若狭のフグ(6)
足湯を堪能して山を下りた私たちは、福井県年縞博物館に立ち寄った。
全然知らなかったのだが、水月湖の年縞は、年代測定の物差しとして、世界標準に認定されているのだそうだ。
そもそも年縞とは何か。
「プランクトンや鉄分など、季節によって異なるものが湖の底に毎年積もることで、縞模様になった泥の地層」のことなのだという。
冬と夏では堆積物の色が違うので、ここが一年というみきわめができる。
そして水月湖は、七万年ものあいだ、大きな天変地異や水の大量の流入によって地層が荒らされることなく堆積し続けてきた場所であり、その層を数えることで、これは百年前、これは千年前、これは一万年前と、それぞれの層のできた年代を確認できる。
水月湖の年縞は、それ自体が環境変動の貴重な情報の宝庫である。
たとえば、含まれた花粉を調べることで、当時が寒冷な気候であったか温暖な気候であったかを調べることができる。
しかし七万年ものあいだの地層が確定できることの意味は、実はとても大きいのだという。
というのは、放射性炭素年代測定法の基準となるからだ。
水月湖の年縞を調べれば、一万年前の地層では、炭素14の減少率がどの程度か確認できる。ということは、世界中で発掘された、骨や土器の炭素14の減少率を、水月湖の調査で得られた値と照らし合わせることによって、その骨や土器が何年前のものであるのかを知ることができるというわけだ。この年代測定の世界的な物差しとして、水月湖の年縞は認められているというのだ。よくわからないが、すごい。
なお、筆者の科学知識はきわめて低レベルである。説明に間違いがあったらご容赦願いたい。
年縞博物館を出た私たちは、〈源与門〉といううなぎ屋で昼食をとった。
聞けば百年以上四代にわたってうなぎ屋を続けている店だという。
店構えも立派で、なかに入れば広々している。
六人ともうな丼(上)を頼んだ。
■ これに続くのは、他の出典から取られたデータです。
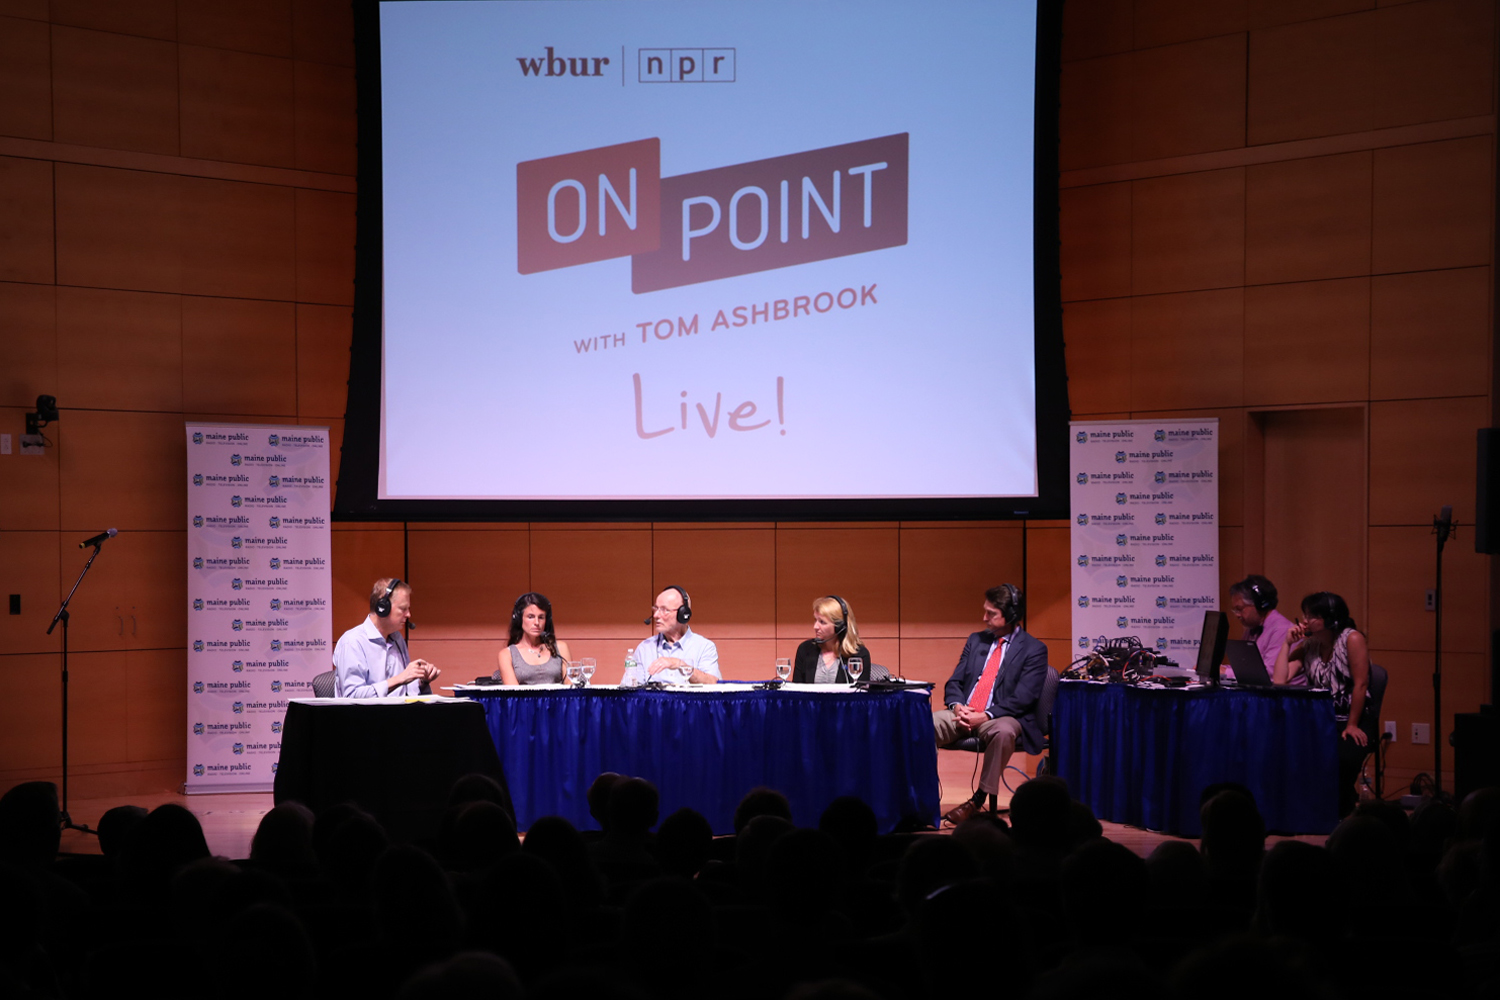 Tom Ashbrook moderates a discussion at the #OnPointLive show in Portland, Maine. (Brian Bechard/Maine Public)
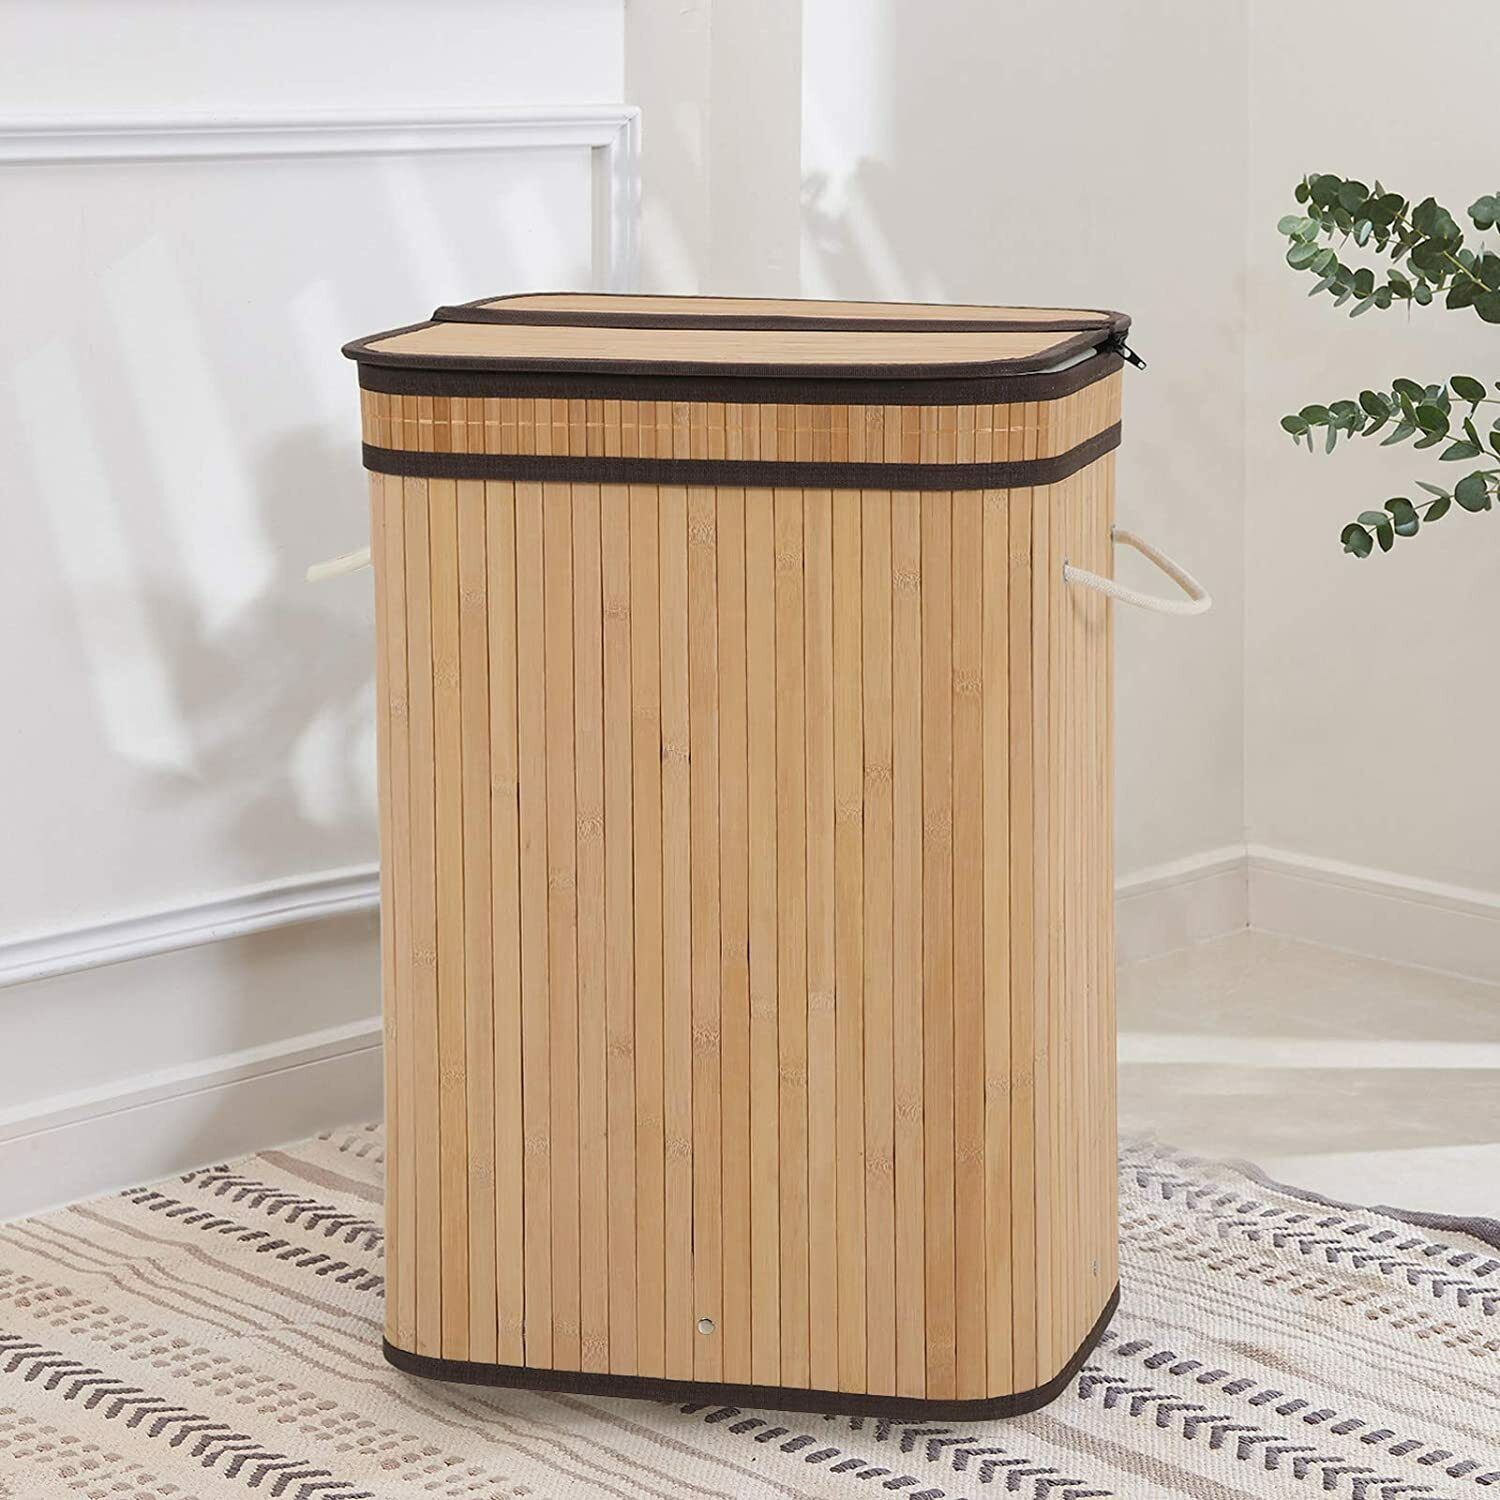 BlushBees® Laundry Hamper with Lid, Large Foldable, made with Natural Bamboo Laundry Basket.
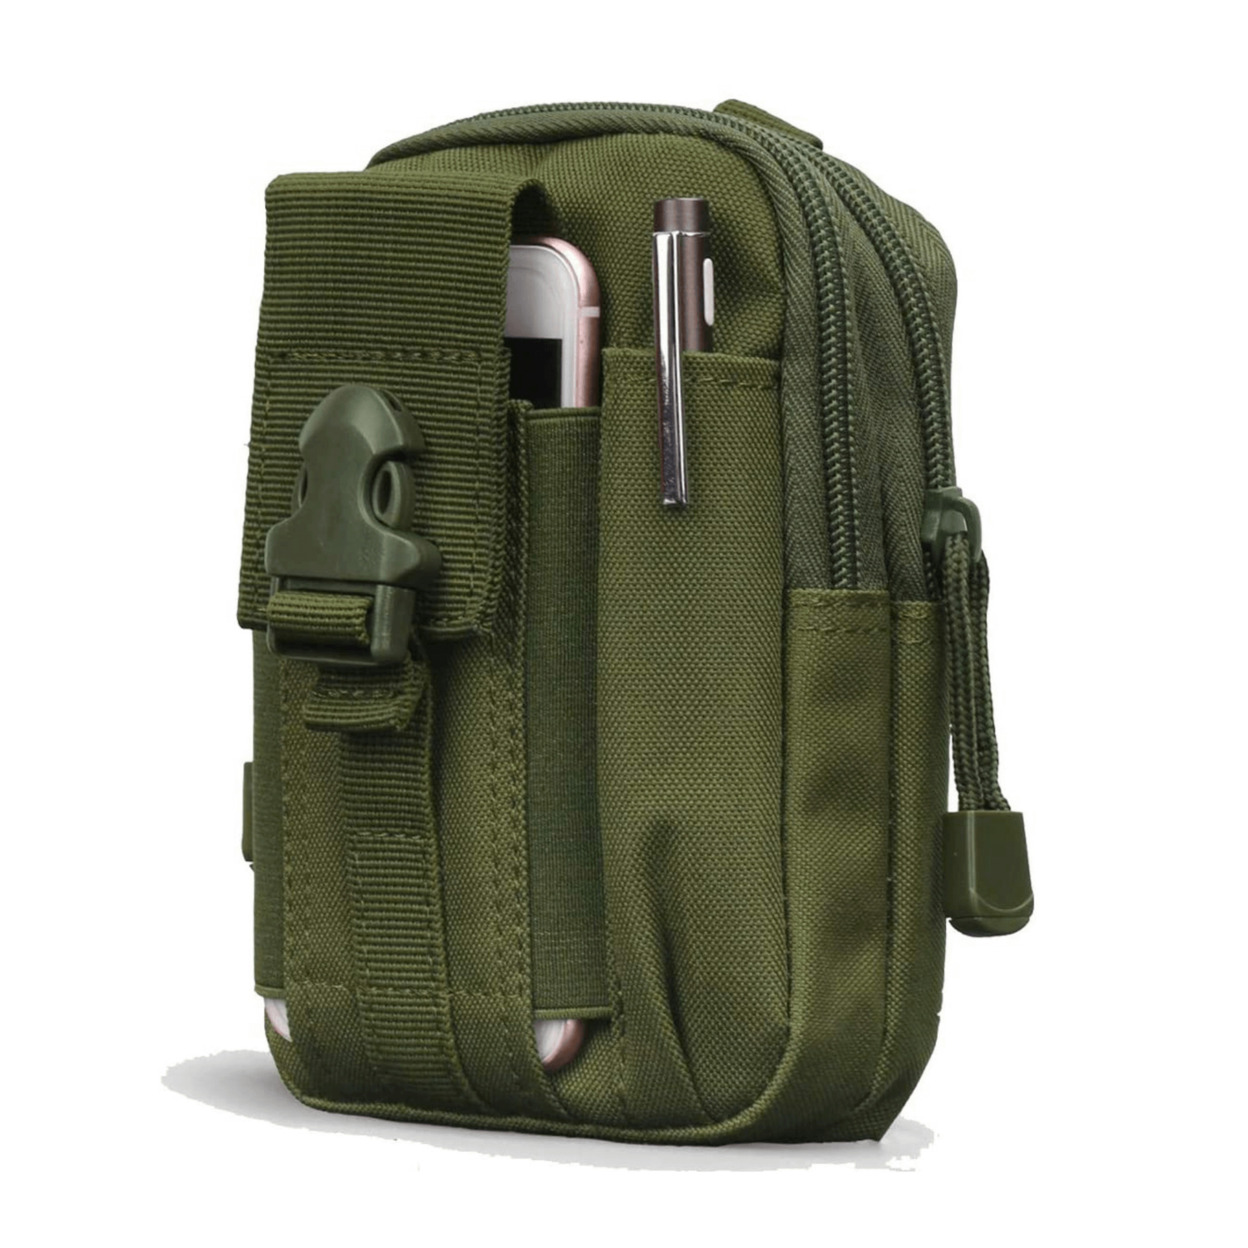 Tactical MOLLE Pouch & Waist Bag For Hiking & Outdoor Activities - Camo

わかめ汁が付いているが、二百円アップで肝吸いにできるという。
むろん、六人とも肝吸いにしてもらった。
近くに居合わせた客全員に、店員さんは同じことを聞き、一人残らず肝吸いにしていた。
商売上手だと思ういっぽうで、最初から肝吸いにしておいたほうが早いんじゃないかと思った。
それで、わかめ汁に変更すれば二百円安くなるというのはどうだろう。
それだとわかめ汁を選択する人が続出するかもしれないが。
とても長い時間待たされた。
たぶん、注文が入ってからうなぎをさばいて焼いているのだと思う。
うまかった。
何とも言えず活きのよいうなぎだった。
蒲焼きにされたうなぎの活きがよいなどと言うと、表現がおかしいようにも思うが、そうとしか言いようがないのだ。
さっきまで生きていたウナギが、口のなかで踊り出す。
そうとでも言うしかない歯ごたえであり、弾力なのだ。
背開きで、蒸してから焼くのを関東風、腹開きで、そのまま焼くのを関西風というのだとすれば、これは間違いなく関西風のうな丼だ。
だけれどもこのウナギの存在感の強さは、関西風というより、やはり若狭風なのかもしれない。
山椒も印象的だった。驚くほど鮮烈な香りを放つ山椒だった。目の粗いミルで挽いたように、一粒一粒の形がわかる。そして非常にからいが、それだけでなく、風味が切り立っている。山椒は香辛料なのだと思い知らされた。ここまで香りと味が際立った山椒を食したのははじめてである。
食べたあと何時間たっても、口のなかに味と食感がよみがえる。
こうしてエッセイを書いているこの瞬間にも、うなぎが口のなかで暴れる感覚がよみがえる。
食事のあと、野鳥観察センターでマガモやカルガモを望遠鏡で観察した。
今日立ち寄ったレインボーライン山頂公園にせよ、年縞博物館にせよ、野鳥観察センターにせよ、作り方や案内のしかたがあか抜けしていて、施設は美しく、スタッフのマナーもとてもよい。さすが福井県である。公共的な施設にはふんだんにお金をかけている。
道の駅で買い物をしたあと、私たちは帰路についた。
県境を越えるまでは鉛色に沈んでいた空が、滋賀県に入るなり明るく輝いた。
やがて車は大阪に入った。無遠慮に照りつける陽光にうとましさを感じた私は、若狭の昏く優しい空を、どこか懐かしく思い出していた。